Anyone looking for a murder mystery with a distinct difference would be better pressed to find a better way to spend an evening than watching the Barn Theatre’s new production.
Sherlock Holmes and the Whitechapel Fiend is a new ‘comedy adventure’ that plunges Sir Arthur Conan Doyle’s famous literary detective right into the centre of one of real life’s greatest-ever monsters – Jack the Ripper.
You may be thinking to yourself quite how does that work? But the result is a deliberate tackling of how truth and disinformation can be employed to make fiction of real-life and monsters of human beings.

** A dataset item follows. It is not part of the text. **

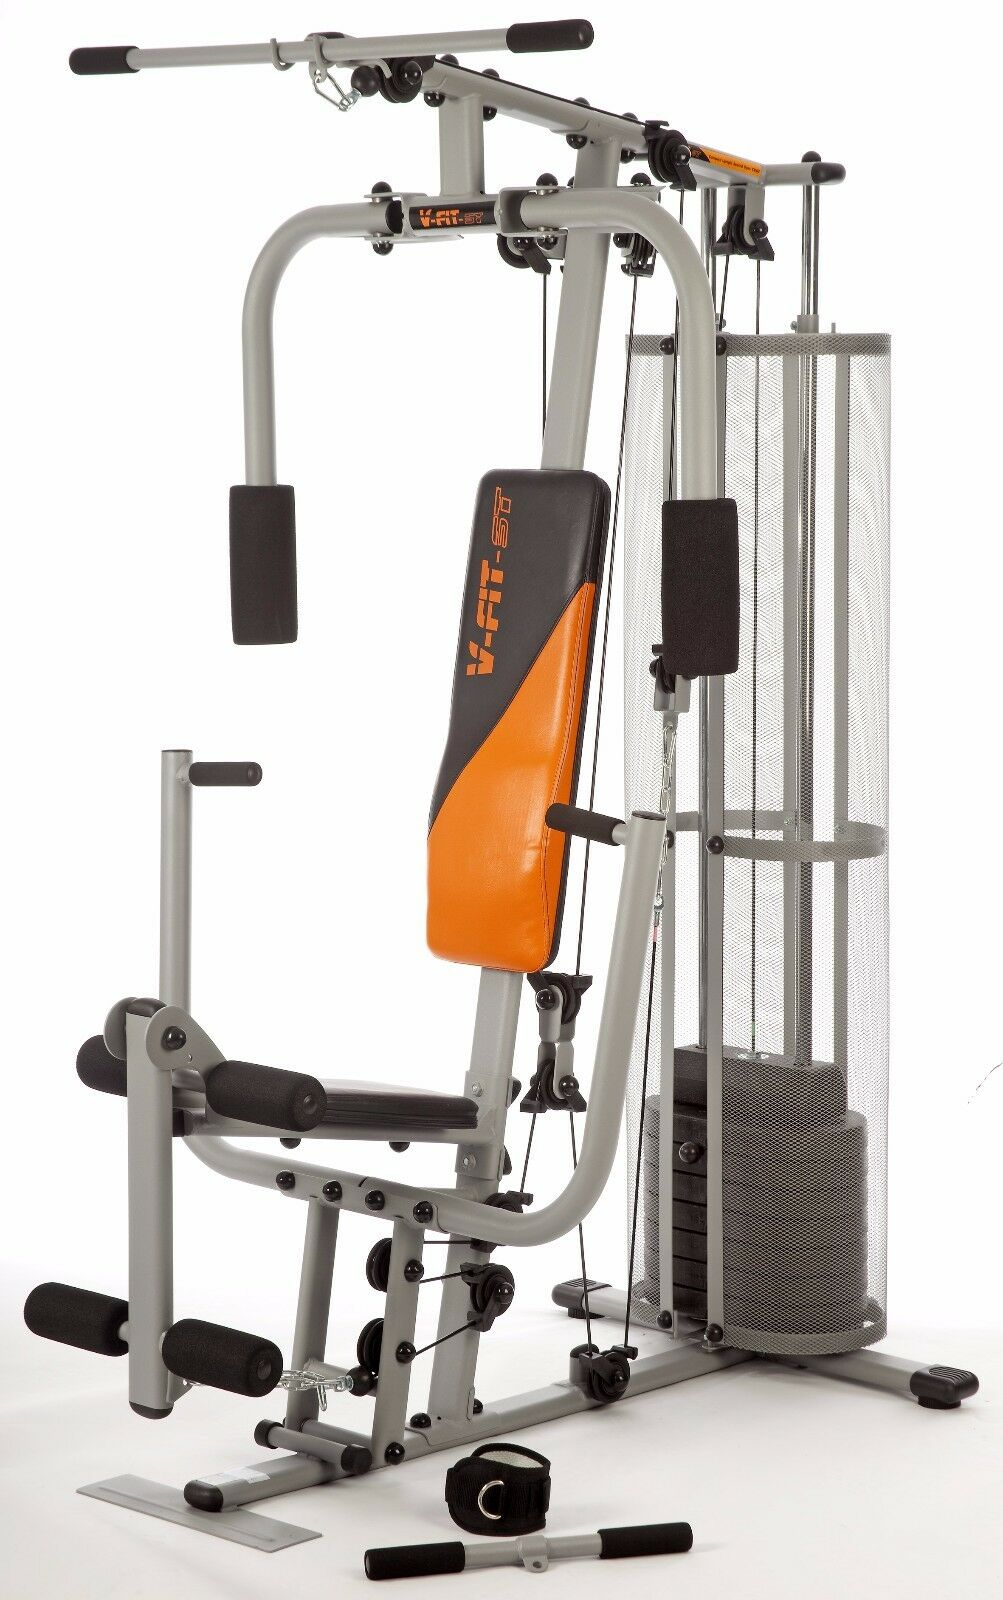 V Fit Herculean Cug2 Compact Upright Home Multi Gym 72kg R
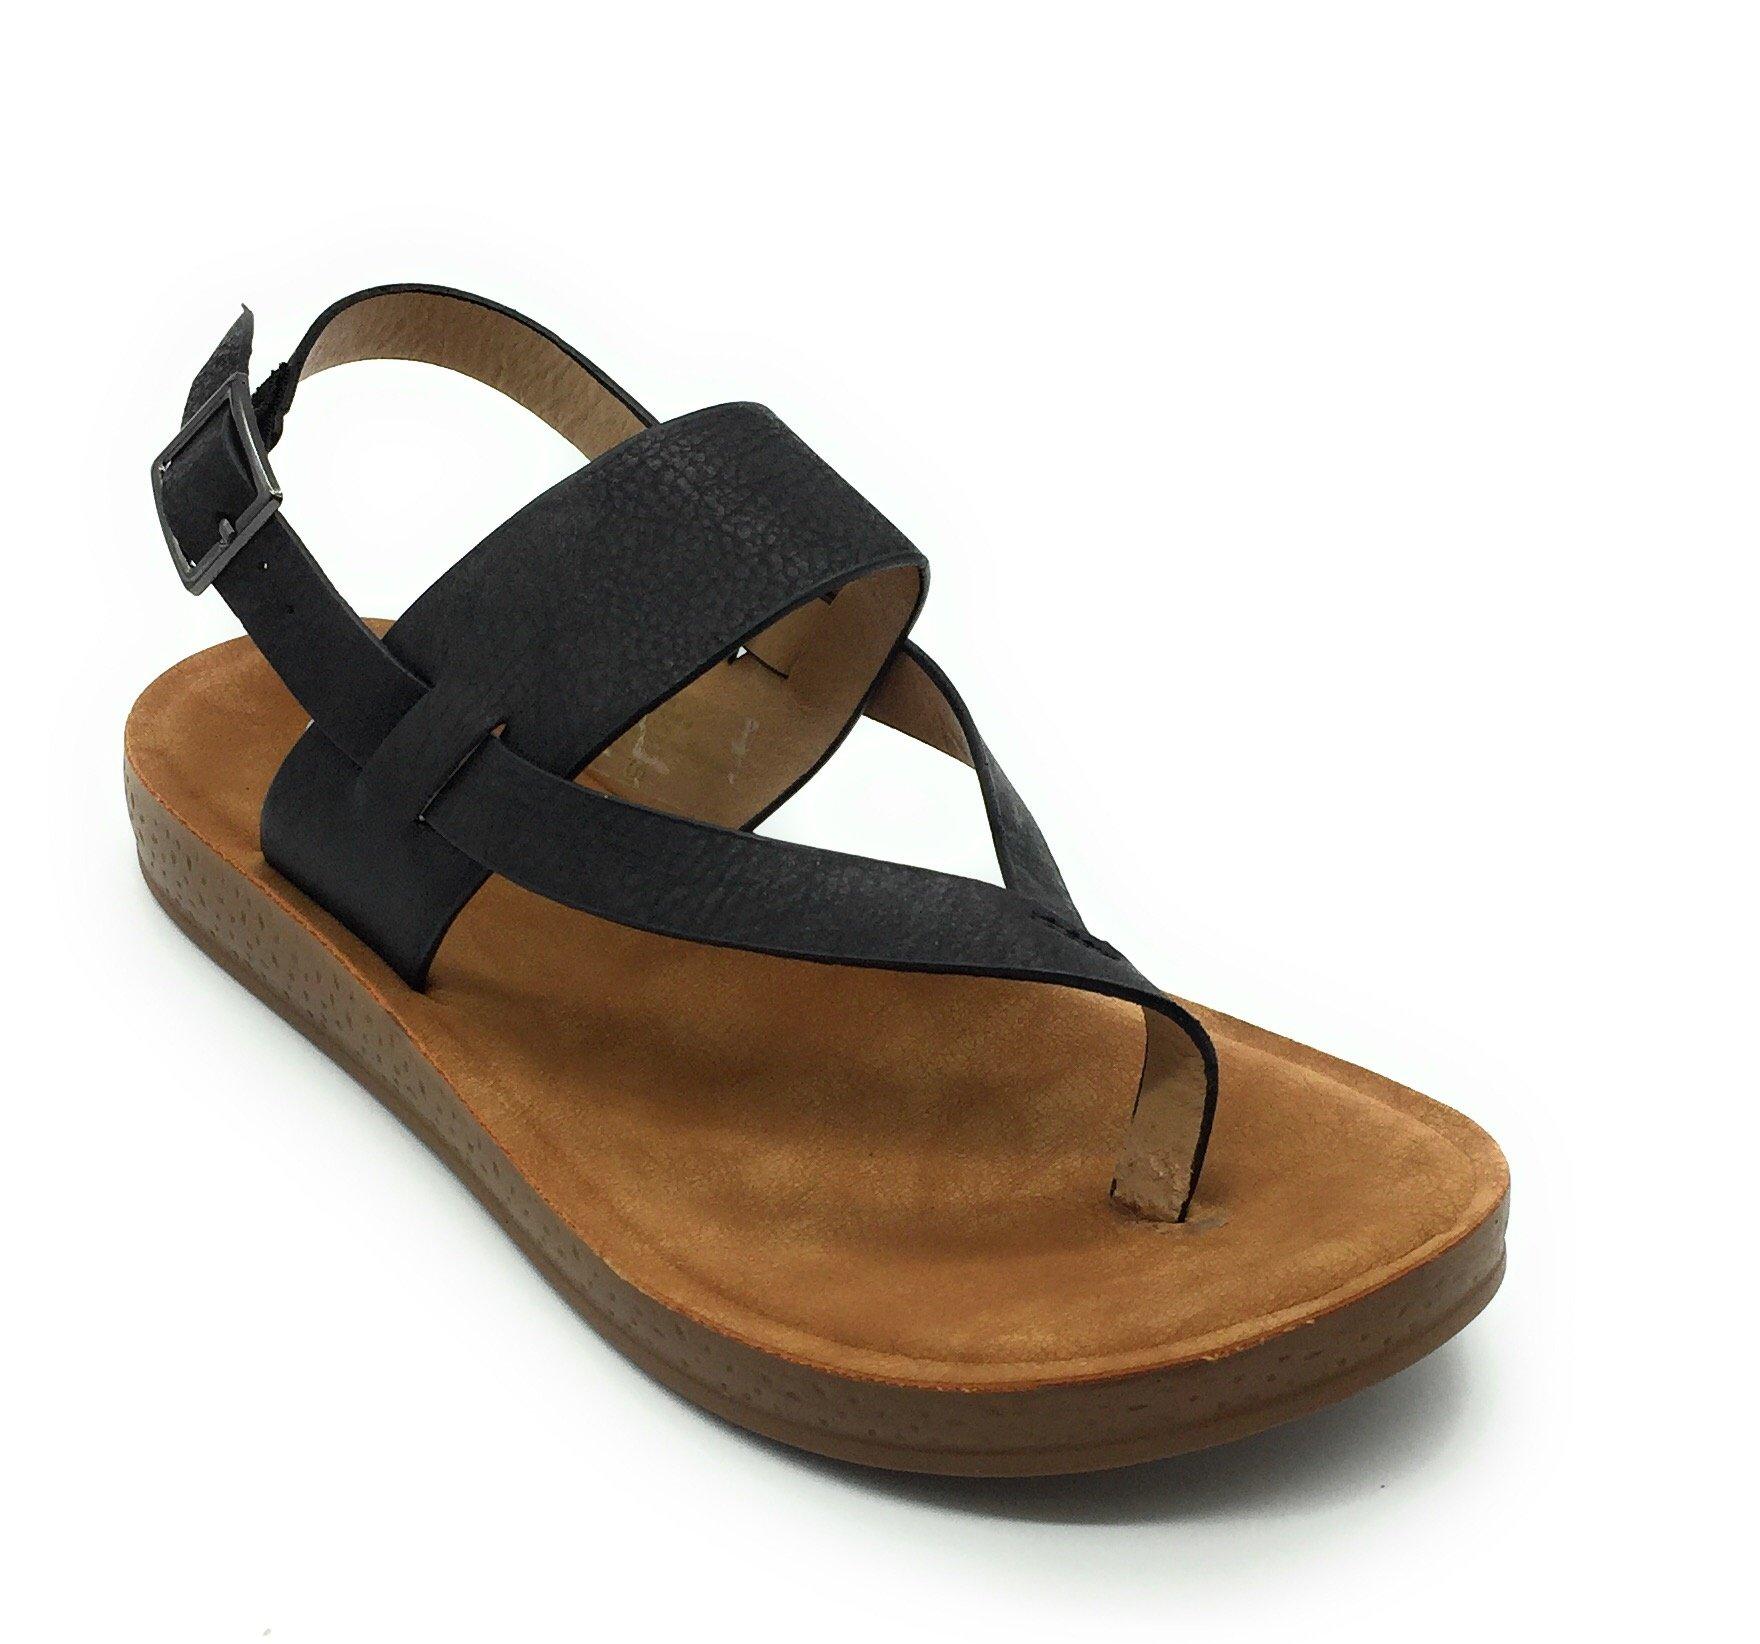 Women Cute Open Toe Comfortable Ankle Strap Platform Wedge Stylish Flexible Summer Flat Sandal, Black 8(M) US

At the same time, the script by writers Toby Hulse and Ross Smith looks to expose the cliches in both Sherlock Holmes and Jack the Ripper and take aim at true-crime dramas and other industries that exploit these dark examples of humanity at its worst.
It’s a lot to throw into a two-hour performance that the four actors responsible whiz through with gusto, all playing each character in the Sherlock Holmes central story on a revolving basis, as well as several side-characters in industries like walking tours, museums, and a Ripperologist online detective.
There are a lot of meta moments such as characters arguing over who gets to play which character in the next scene, one scene where every quintessentially Victorian London character makes a cameo as Sherlock walks down a street, characters reference the actors’ real names in fourth wall breaking and several other ‘wink-at-the-audience’ moments throughout.
As a result of all the character changing, all the metatextual theatrical performance stuff, and all the themes that the script tries to tackle, the quartet of Joseph Chance, Helen Foster, Phillip Pellew and Chloe Tennenbaum have so much weight on their shoulders that it’s hard to be completely impressed by all of them.
Their comic timing, ability to inhabit several different characters sometimes rather quickly, and their chemistry with each other help to make the whole thing undeniably funny and entertaining – with Tennenbaum the personal standout for me.
But, while a good time is inevitable, you can’t help but feel that the sheer volume of what Sherlock Holmes and the Whitechapel Fiend attempts to say on top of the underlying fact that it’s an entertaining comedy means that somewhat counter-intuitively the show does succumb to the things it’s critiquing and some of these themes and messages do get lost.
It’s an interesting addition to the overall canon of Sherlock Holmes, but should people go out of their way to catch this? Well, I think that’s elementary! You absolutely should!